On 28-okt-2005, at 12:42, Pekka Savola wrote:
Otherwise the firewalls, packet filters etc. will just discard all of these packets with the extension header because they don't have the logic to skip over them or parse them.
Well obviously we expect the makers of these products to update their stuff.
In the mean time, our main concern here should be that the presence of any type of filtering leads to consistent results. If all shim packets are filtered that isn't so bad, because it then just seems that the correspondent doesn't support the shim so the session remains in backward compatible mode.
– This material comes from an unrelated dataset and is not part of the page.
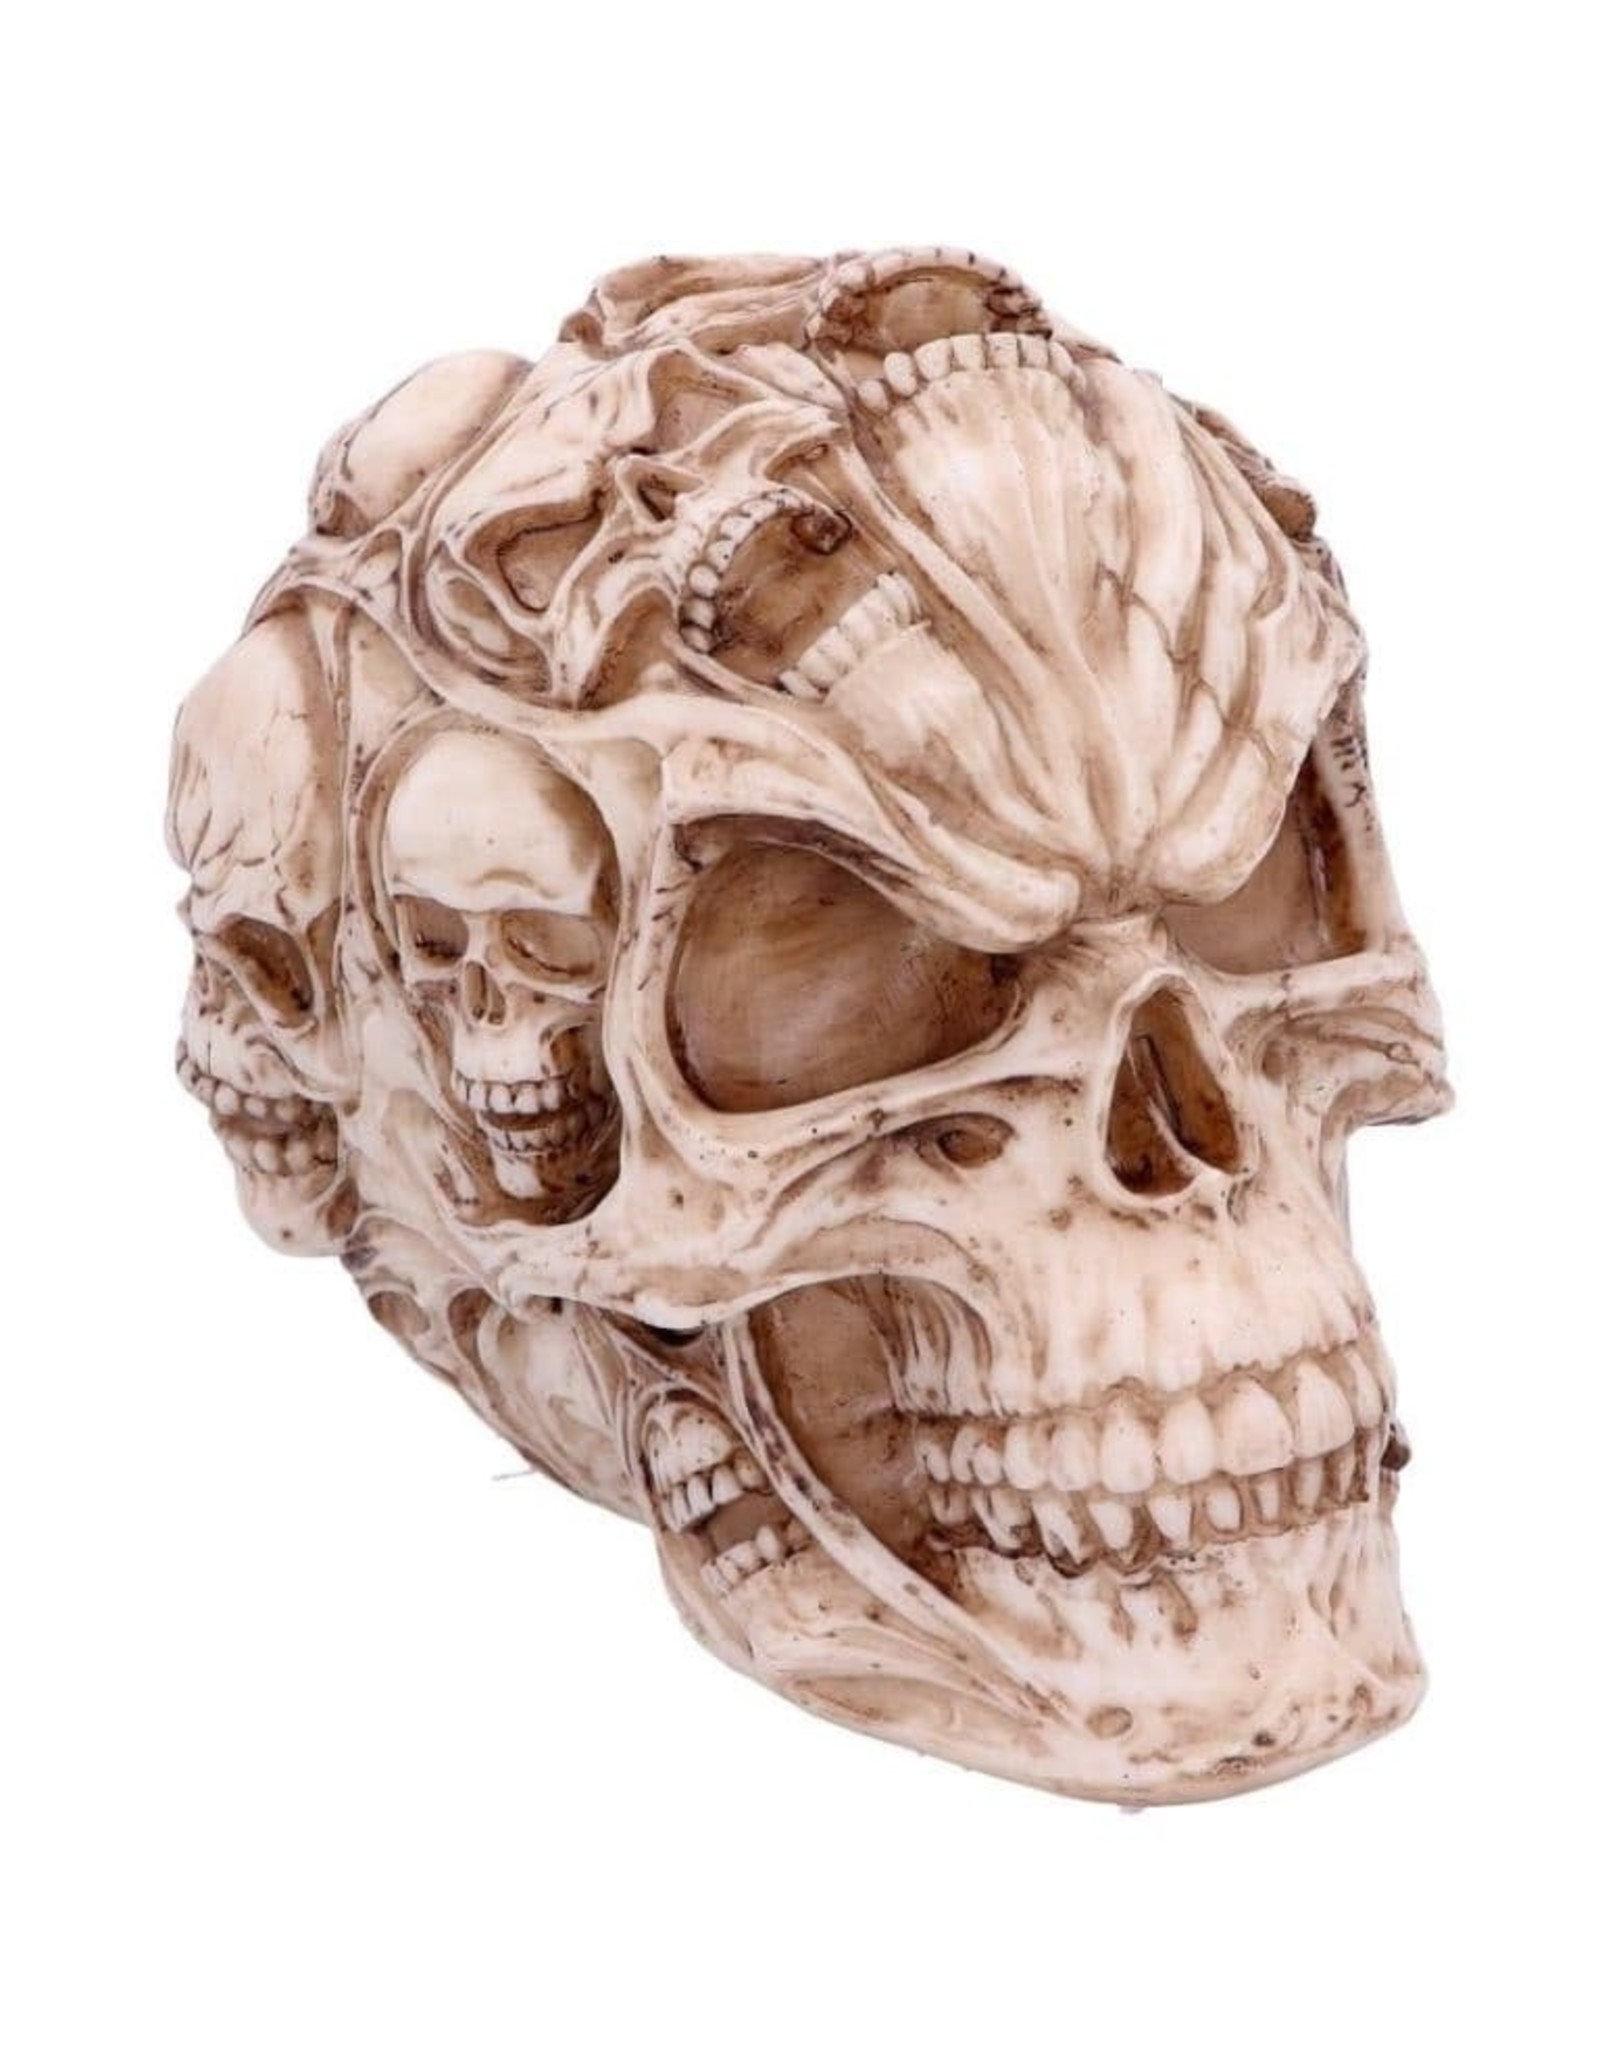 James Ryman Skulls - Skull of Skulls skull of James Rayman  by Nemesis Now
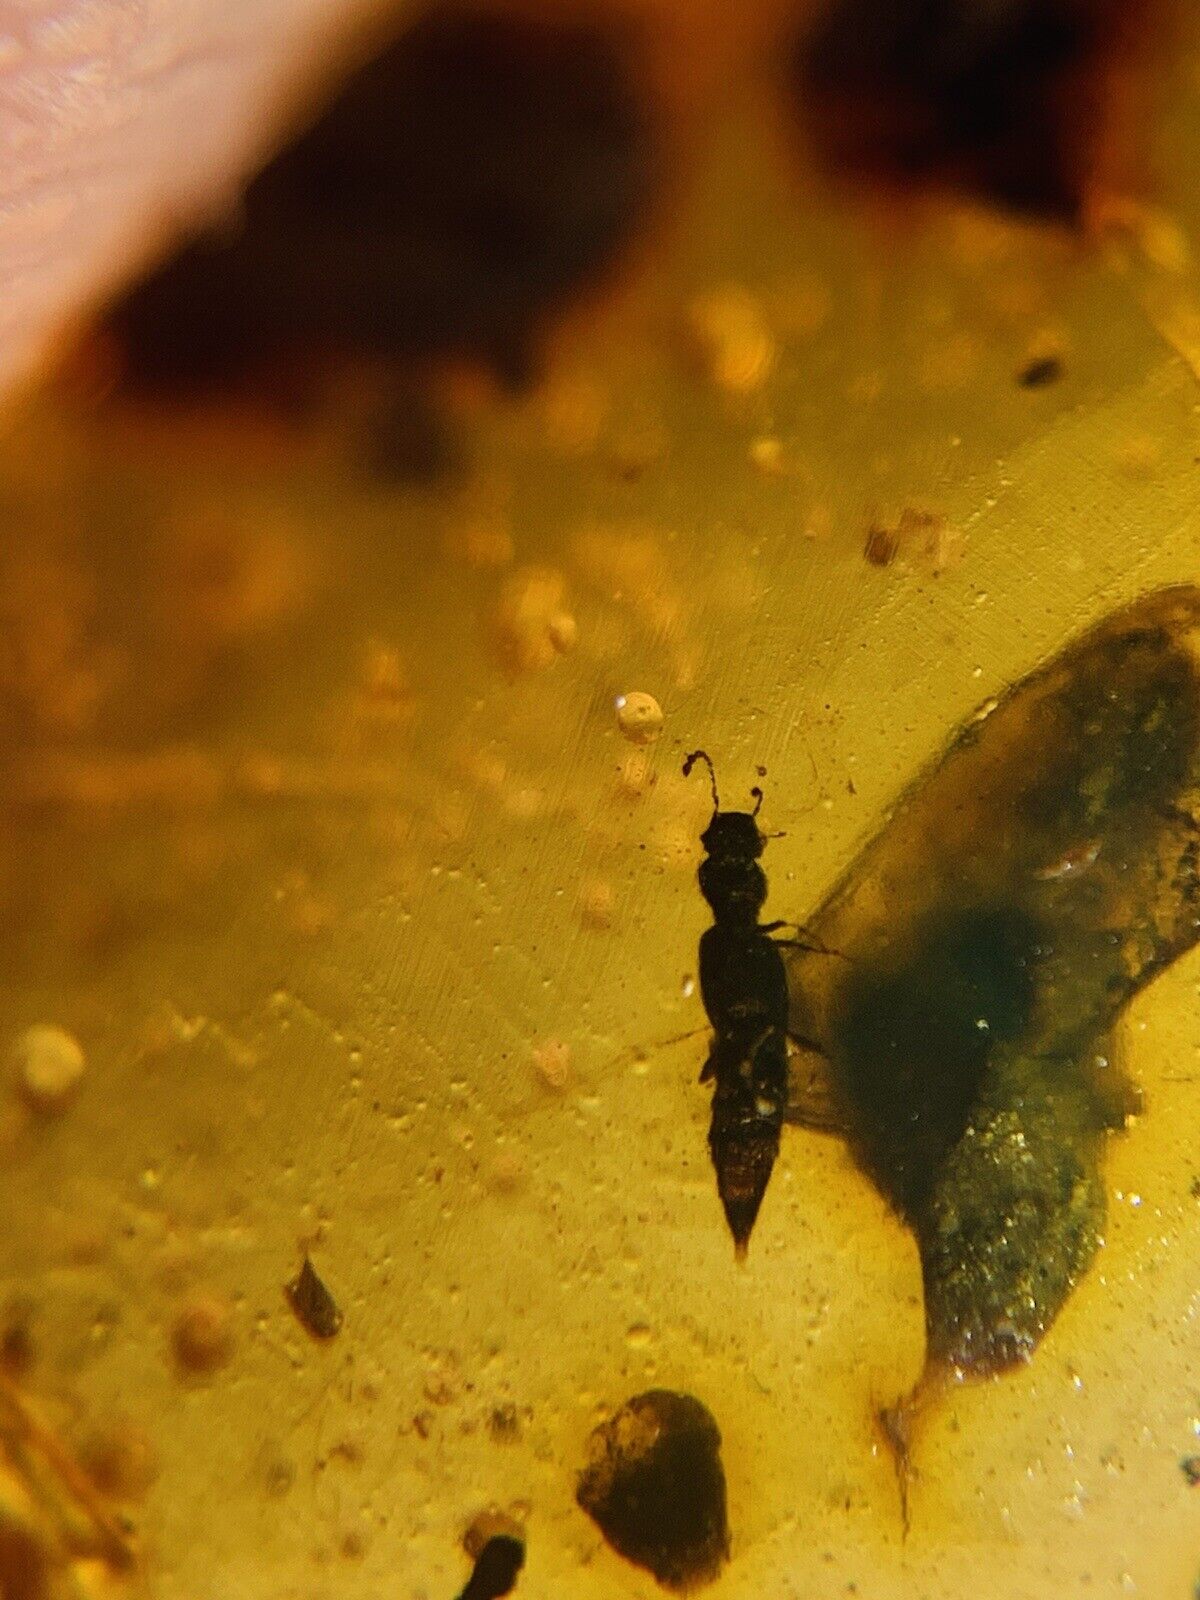 Coleoptera rove beetle Burmite Myanmar Burma Amber insect fossil dinosaur age

The situation where the shim seems to be working but doesn't is much more destructive.
So if firewalls were to discard data packets carrying the shim ext header, they would have discarded the shim context establishment packets, so no shim context at all, so those data packets with the shim ext header will never be generated anyway, right?
I assume that the method of establishing the shim context is still open:
- if it's done by adding an extension header to data packets, or
- if it would be done by sending separate "shim control packets" (e.g., with TCP, UDP, or whatever, or even plain extension headers without any data), then my concern still applies.
No, I think we pretty much agree that the shim signalling would have to happen in separate packets. Unless I misremember we didn't even discuss this issue in the interim meeting.
The part that we're not completely agreeing on is whether all rewritten packets should have a shim header for demultiplexing. (This shim header would have the same protocol number as the shim signalling packets but otherwise be formatted completely differently.)
Erik has proposed a mechanism to allow demultiplexing based on the protocol and flow label fields. However, in the meeting it was proposed to simply use an explicit header instead. I think that makes lots of sense in the cases where demultiplexing would otherwise be impossible or difficult, but the discussion that I started was about having this header when demultiplexing without the header is NOT problematic.
I do NOT want that shim6 would require piggybacking on data packets either to establish the context or rehome.
I don't think in the case of data packets with rewritten addresses that are otherwise indistinguishable from data packets with the original addresses (i.e., when there is a session between A1 and B1 and a session between A2 and B2 and then a failure between A1 and B1 packets between A2 and B2 may either be the first session with rewritten addresses or the second with the original addresses) and/or when there are additional intermediate headers so it's not obvious which onces come "before" the shim and which ones come "after" it should be considered "piggybacking". In IPv6 a protocol chain is part of the base mechanism so there is no reason not to use extra headers when they are appropriate. (Obviously things would have been much better if there had been a standard header format so implementations would be able to skip unknown headers, but I guess we'll have to fix that in IPv7.) Since the fact that the shim signalling worked indicates that the shim header isn't filtered this should work without trouble.